> [TO DO]:
Extract every record, keeping each one exactly as it is.

> [Records contained in a dataset]:
++++++
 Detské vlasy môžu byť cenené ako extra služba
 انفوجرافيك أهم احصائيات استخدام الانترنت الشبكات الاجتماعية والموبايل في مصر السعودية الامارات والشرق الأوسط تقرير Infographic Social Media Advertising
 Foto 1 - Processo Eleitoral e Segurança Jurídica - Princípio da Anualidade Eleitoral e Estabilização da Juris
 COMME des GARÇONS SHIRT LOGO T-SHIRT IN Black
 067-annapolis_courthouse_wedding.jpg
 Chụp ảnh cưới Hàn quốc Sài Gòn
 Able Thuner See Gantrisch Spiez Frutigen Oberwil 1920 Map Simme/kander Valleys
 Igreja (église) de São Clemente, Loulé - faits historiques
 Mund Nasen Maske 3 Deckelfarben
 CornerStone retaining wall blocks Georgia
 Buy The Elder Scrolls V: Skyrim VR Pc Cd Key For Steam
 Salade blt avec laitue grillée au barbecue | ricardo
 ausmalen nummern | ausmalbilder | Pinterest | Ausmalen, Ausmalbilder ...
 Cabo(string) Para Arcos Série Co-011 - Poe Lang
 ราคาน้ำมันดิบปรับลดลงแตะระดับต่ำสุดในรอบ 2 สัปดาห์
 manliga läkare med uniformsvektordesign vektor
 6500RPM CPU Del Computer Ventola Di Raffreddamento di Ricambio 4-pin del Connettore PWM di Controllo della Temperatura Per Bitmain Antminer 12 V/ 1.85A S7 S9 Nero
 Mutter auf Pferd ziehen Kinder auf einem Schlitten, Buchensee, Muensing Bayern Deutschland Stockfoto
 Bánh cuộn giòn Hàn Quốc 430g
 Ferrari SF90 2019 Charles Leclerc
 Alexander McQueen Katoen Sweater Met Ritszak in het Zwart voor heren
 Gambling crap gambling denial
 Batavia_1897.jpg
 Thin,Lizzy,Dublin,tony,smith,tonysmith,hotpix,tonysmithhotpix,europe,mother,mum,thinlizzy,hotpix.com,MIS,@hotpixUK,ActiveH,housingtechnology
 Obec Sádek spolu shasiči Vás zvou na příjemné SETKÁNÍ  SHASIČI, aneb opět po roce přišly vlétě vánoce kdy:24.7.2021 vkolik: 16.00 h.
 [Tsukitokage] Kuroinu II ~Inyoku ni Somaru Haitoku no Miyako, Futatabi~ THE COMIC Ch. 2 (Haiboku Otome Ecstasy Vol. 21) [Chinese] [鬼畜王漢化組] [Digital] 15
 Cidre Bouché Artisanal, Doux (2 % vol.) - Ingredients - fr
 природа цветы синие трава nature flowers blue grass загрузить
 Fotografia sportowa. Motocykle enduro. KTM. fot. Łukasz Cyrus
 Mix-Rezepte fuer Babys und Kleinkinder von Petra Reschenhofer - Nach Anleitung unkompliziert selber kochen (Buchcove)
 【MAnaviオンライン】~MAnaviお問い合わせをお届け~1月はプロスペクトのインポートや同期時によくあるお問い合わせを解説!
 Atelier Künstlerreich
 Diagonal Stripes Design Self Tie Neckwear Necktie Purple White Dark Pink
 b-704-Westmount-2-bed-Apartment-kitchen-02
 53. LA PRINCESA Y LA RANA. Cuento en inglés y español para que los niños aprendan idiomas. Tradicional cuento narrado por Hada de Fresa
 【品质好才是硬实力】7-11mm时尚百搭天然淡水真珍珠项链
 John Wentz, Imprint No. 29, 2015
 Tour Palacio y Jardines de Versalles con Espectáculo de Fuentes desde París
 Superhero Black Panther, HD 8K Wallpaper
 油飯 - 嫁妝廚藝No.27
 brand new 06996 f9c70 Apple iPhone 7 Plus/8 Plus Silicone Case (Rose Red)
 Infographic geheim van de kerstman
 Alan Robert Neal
++++++
> [REPLY]:
 Detské vlasy môžu byť cenené ako extra služba
 انفوجرافيك أهم احصائيات استخدام الانترنت الشبكات الاجتماعية والموبايل في مصر السعودية الامارات والشرق الأوسط تقرير Infographic Social Media Advertising
 Foto 1 - Processo Eleitoral e Segurança Jurídica - Princípio da Anualidade Eleitoral e Estabilização da Juris
 COMME des GARÇONS SHIRT LOGO T-SHIRT IN Black
 067-annapolis_courthouse_wedding.jpg
 Chụp ảnh cưới Hàn quốc Sài Gòn
 Able Thuner See Gantrisch Spiez Frutigen Oberwil 1920 Map Simme/kander Valleys
 Igreja (église) de São Clemente, Loulé - faits historiques
 Mund Nasen Maske 3 Deckelfarben
 CornerStone retaining wall blocks Georgia
 Buy The Elder Scrolls V: Skyrim VR Pc Cd Key For Steam
 Salade blt avec laitue grillée au barbecue | ricardo
 ausmalen nummern | ausmalbilder | Pinterest | Ausmalen, Ausmalbilder ...
 Cabo(string) Para Arcos Série Co-011 - Poe Lang
 ราคาน้ำมันดิบปรับลดลงแตะระดับต่ำสุดในรอบ 2 สัปดาห์
 manliga läkare med uniformsvektordesign vektor
 6500RPM CPU Del Computer Ventola Di Raffreddamento di Ricambio 4-pin del Connettore PWM di Controllo della Temperatura Per Bitmain Antminer 12 V/ 1.85A S7 S9 Nero
 Mutter auf Pferd ziehen Kinder auf einem Schlitten, Buchensee, Muensing Bayern Deutschland Stockfoto
 Bánh cuộn giòn Hàn Quốc 430g
 Ferrari SF90 2019 Charles Leclerc
 Alexander McQueen Katoen Sweater Met Ritszak in het Zwart voor heren
 Gambling crap gambling denial
 Batavia_1897.jpg
 Thin,Lizzy,Dublin,tony,smith,tonysmith,hotpix,tonysmithhotpix,europe,mother,mum,thinlizzy,hotpix.com,MIS,@hotpixUK,ActiveH,housingtechnology
 Obec Sádek spolu shasiči Vás zvou na příjemné SETKÁNÍ  SHASIČI, aneb opět po roce přišly vlétě vánoce kdy:24.7.2021 vkolik: 16.00 h.
 [Tsukitokage] Kuroinu II ~Inyoku ni Somaru Haitoku no Miyako, Futatabi~ THE COMIC Ch. 2 (Haiboku Otome Ecstasy Vol. 21) [Chinese] [鬼畜王漢化組] [Digital] 15
 Cidre Bouché Artisanal, Doux (2 % vol.) - Ingredients - fr
 природа цветы синие трава nature flowers blue grass загрузить
 Fotografia sportowa. Motocykle enduro. KTM. fot. Łukasz Cyrus
 Mix-Rezepte fuer Babys und Kleinkinder von Petra Reschenhofer - Nach Anleitung unkompliziert selber kochen (Buchcove)
 【MAnaviオンライン】~MAnaviお問い合わせをお届け~1月はプロスペクトのインポートや同期時によくあるお問い合わせを解説!
 Atelier Künstlerreich
 Diagonal Stripes Design Self Tie Neckwear Necktie Purple White Dark Pink
 b-704-Westmount-2-bed-Apartment-kitchen-02
 53. LA PRINCESA Y LA RANA. Cuento en inglés y español para que los niños aprendan idiomas. Tradicional cuento narrado por Hada de Fresa
 【品质好才是硬实力】7-11mm时尚百搭天然淡水真珍珠项链
 John Wentz, Imprint No. 29, 2015
 Tour Palacio y Jardines de Versalles con Espectáculo de Fuentes desde París
 Superhero Black Panther, HD 8K Wallpaper
 油飯 - 嫁妝廚藝No.27
 brand new 06996 f9c70 Apple iPhone 7 Plus/8 Plus Silicone Case (Rose Red)
 Infographic geheim van de kerstman
 Alan Robert Neal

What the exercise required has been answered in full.